When asked about Indonesia’s national treasures, most people think of majestic temples, white sand beaches, or Ubud sacred forest and its monkeys. But lesser-known and just as impressive is the country’s action cinema industry: while many viewers still believe that all actioners come from Hollywood studios, Indonesian movies are undoubtedly some of the best on the planet. Brutal, gripping, and featuring real martial artists instead of stunt doubles, these films definitely deserve more attention than they get. But what makes Indonesian action cinema so special? It all begins with the local martial arts, Pencak Silat, used in the country’s most popular films. Pencak Silat is actually a group of several martial arts which originated from the Indonesian Archipelago, and are renowned for their intensity. In Silat, all parts of the body can become a weapon – or conversely, be used as a target. Still popular today in Indonesia and Malaysia, Pencak Silat is extremely effective – and offers action-lovers a unique experience when featured on screen. This is all the more true as Indonesian actioners often employ real martial artists, who can help to choreograph their fight scenes and offer a more realistic performance. Some of these fighters-turned-actors have gone on to become international stars, such as Joe Taslim – who recently played Sub-Zero in the latest Mortal Kombat film (2021) or Iko Uwais, who has been announced as the main villain in the upcoming Expendables 4 (2023). With the use of an effective martial art and the presence of professional fighters, Indonesian action movies create a much more intense experience for audiences. Far from fake punches and over-cut fight scenes, these films put the “arts” back in martial arts.

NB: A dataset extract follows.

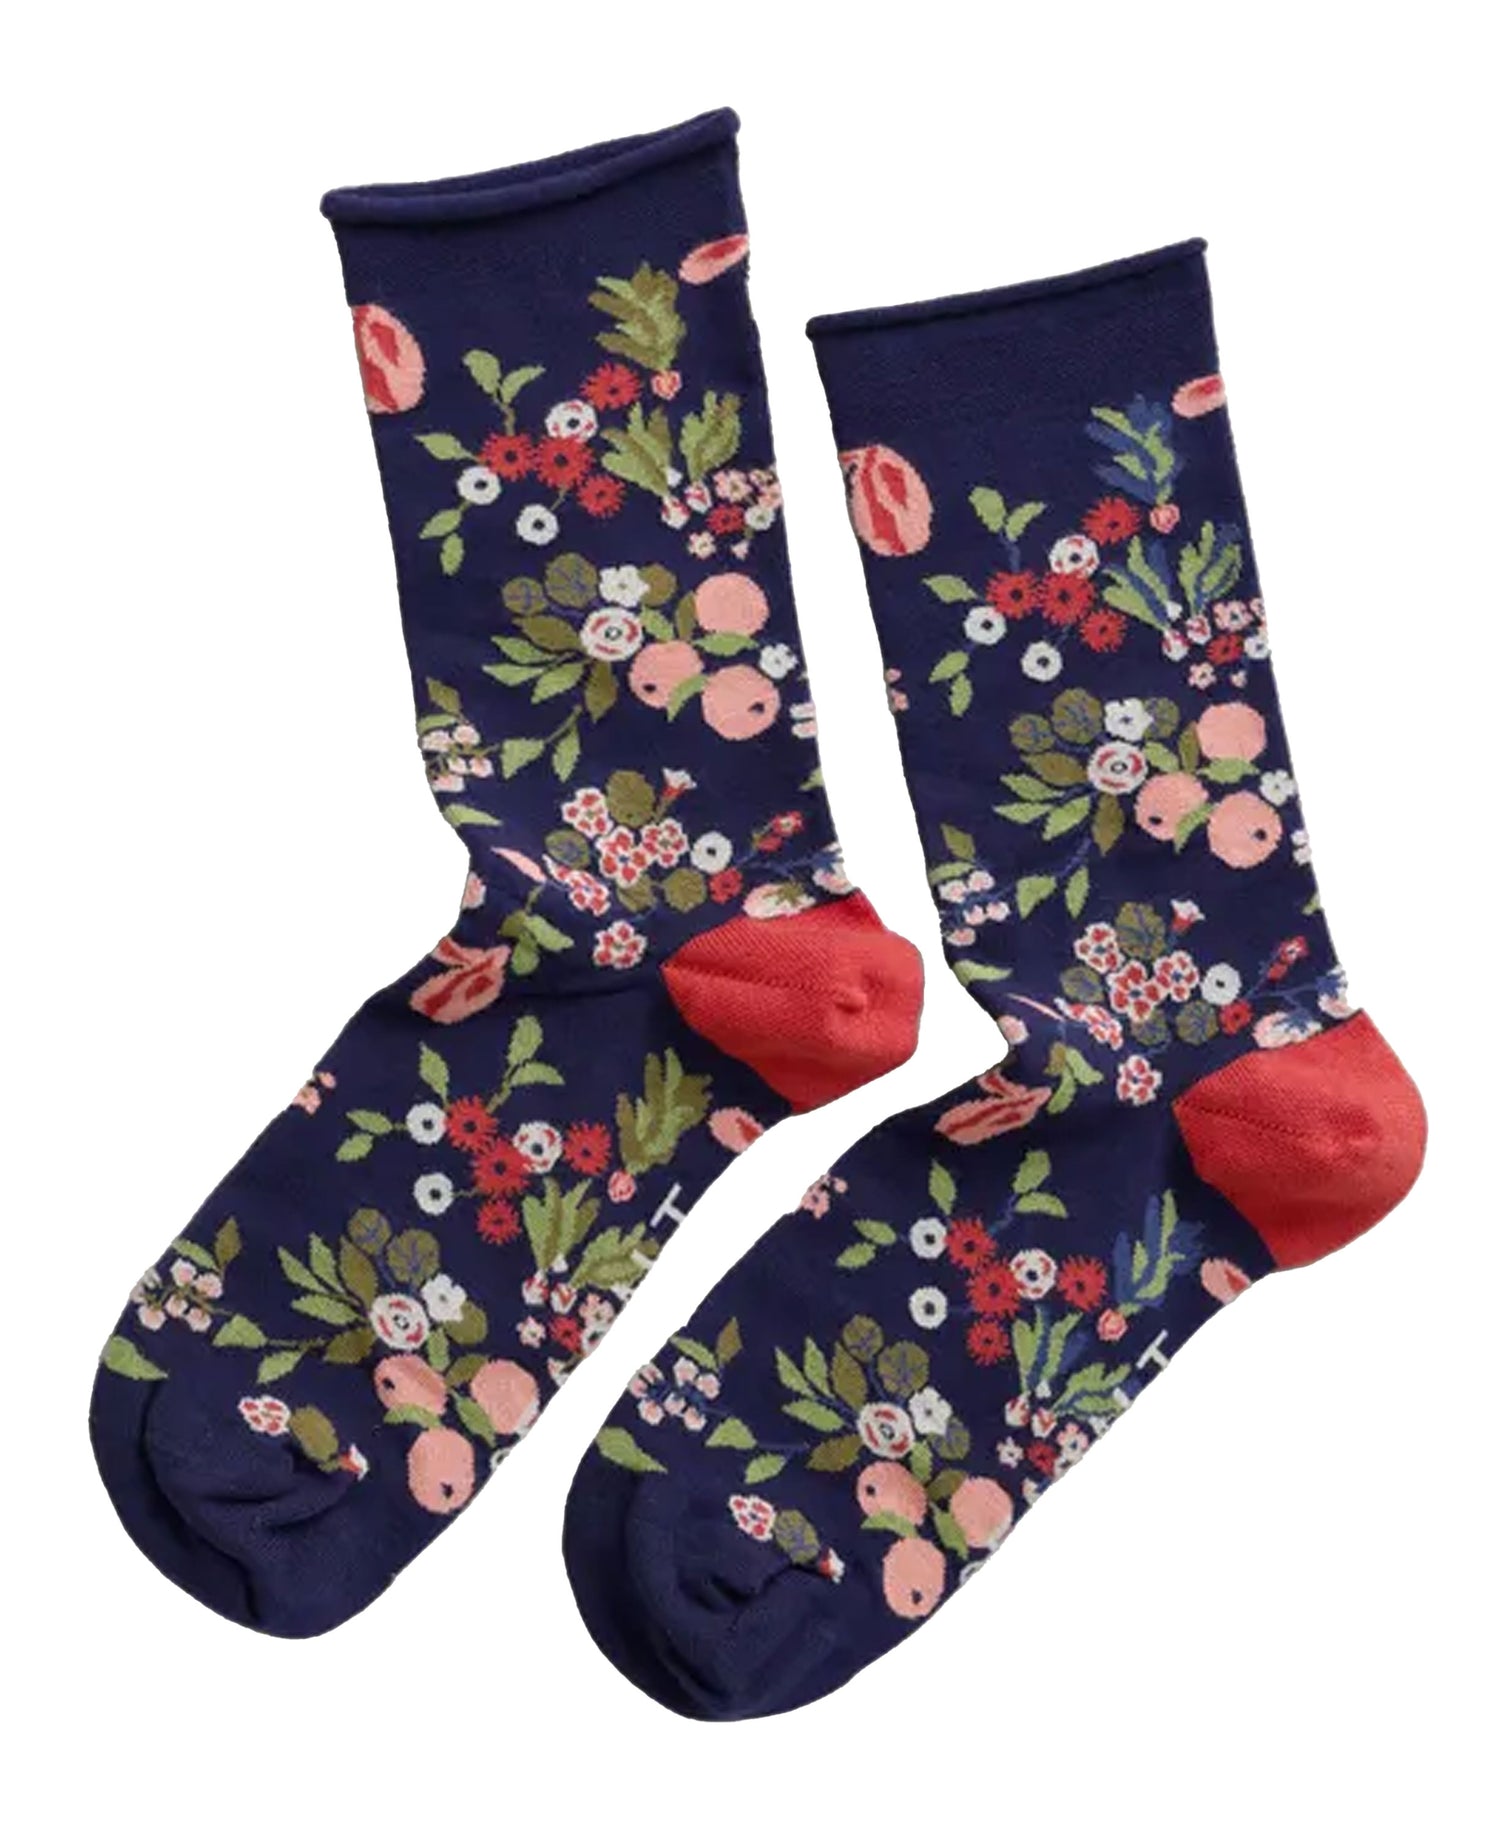 Bamboo Arty Socks - Fruits And Flowers Maritime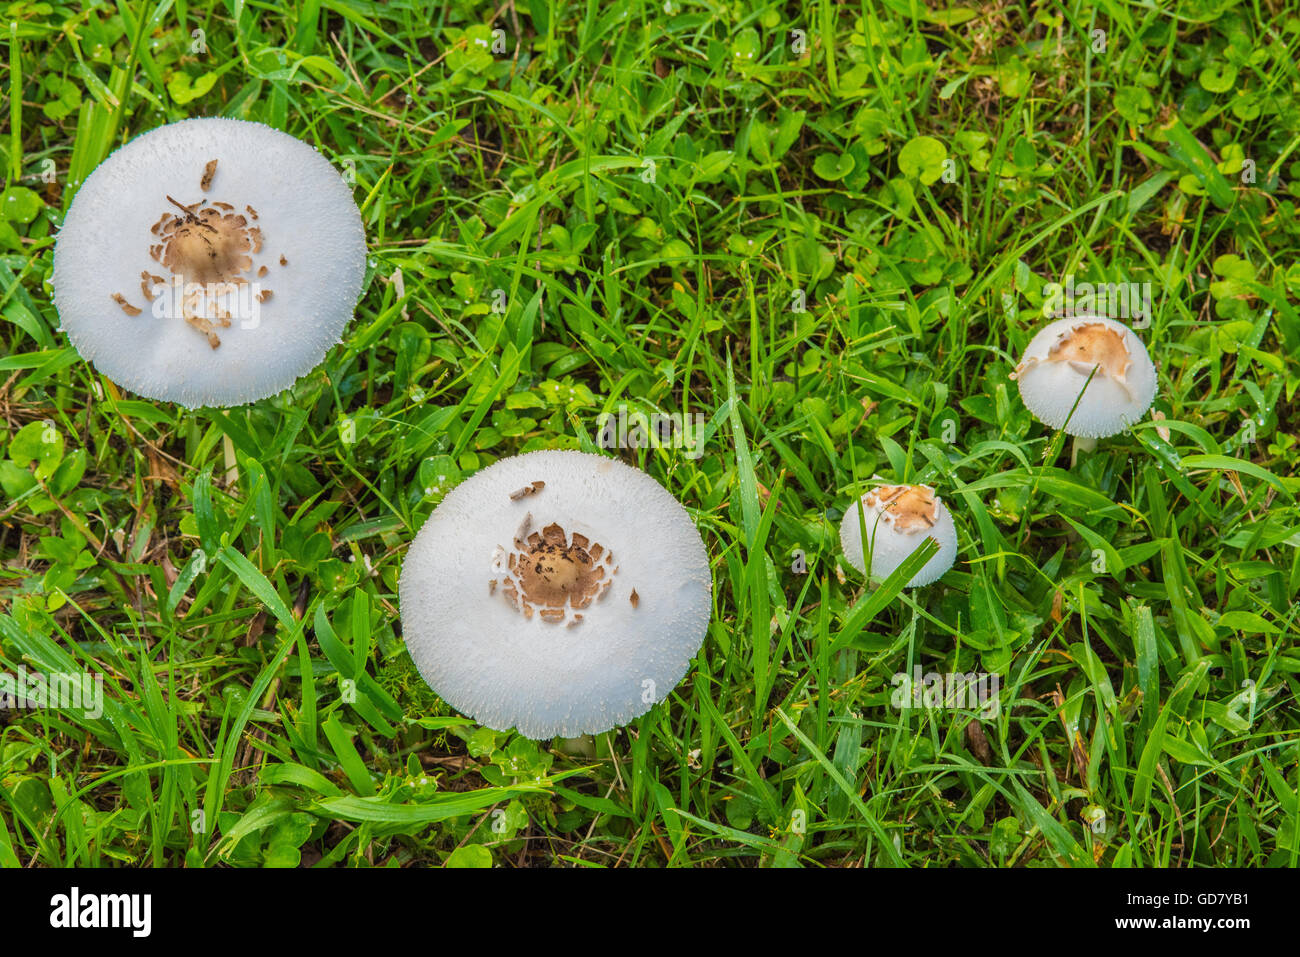 Mushrooms growing in green lawn in Plant City Florida Stock Photo

A fight scene from The Raid (2011), Dir. Gareth Evans

More and more action-lovers have heard from Indonesian cinema, but it remains fairly
unknown to the wider public. So, if this article has made you want to witness unique fight
scenes and discover badass heroes, you might be wondering where to start. Well, here
are a few Indonesian actioners which will get you on the edge of your seat – and could
even send a chill down your spine!

The Raid (2011) and The Raid 2: Berandal (2014)
Let’s begin with the arguable best: few to no films can claim to top The Raid (2011) and
The Raid 2 (2014), which continue to impress viewers to this day. Directed in Indonesia by
Welsh filmmaker Gareth Evans, both Raid movies follow Rama (Iko Uwais) a young cop trying to bring down a drug cartel in Jakarta. In the first film, he and his team are sent on an extremely dangerous mission: they must infiltrate a derelict building controlled by a local drug lord, but things take a personal turn as Rama’s brother, a drug dealer himself, is also working inside. The fight scenes and tension throughout the film are simply mind blowing (no one can forget the narcotics lab fight!), and the only thing which might be better than The Raid is The Raid 2.

The sequel The Raid 2 (2014) Dir. Gareth Evans.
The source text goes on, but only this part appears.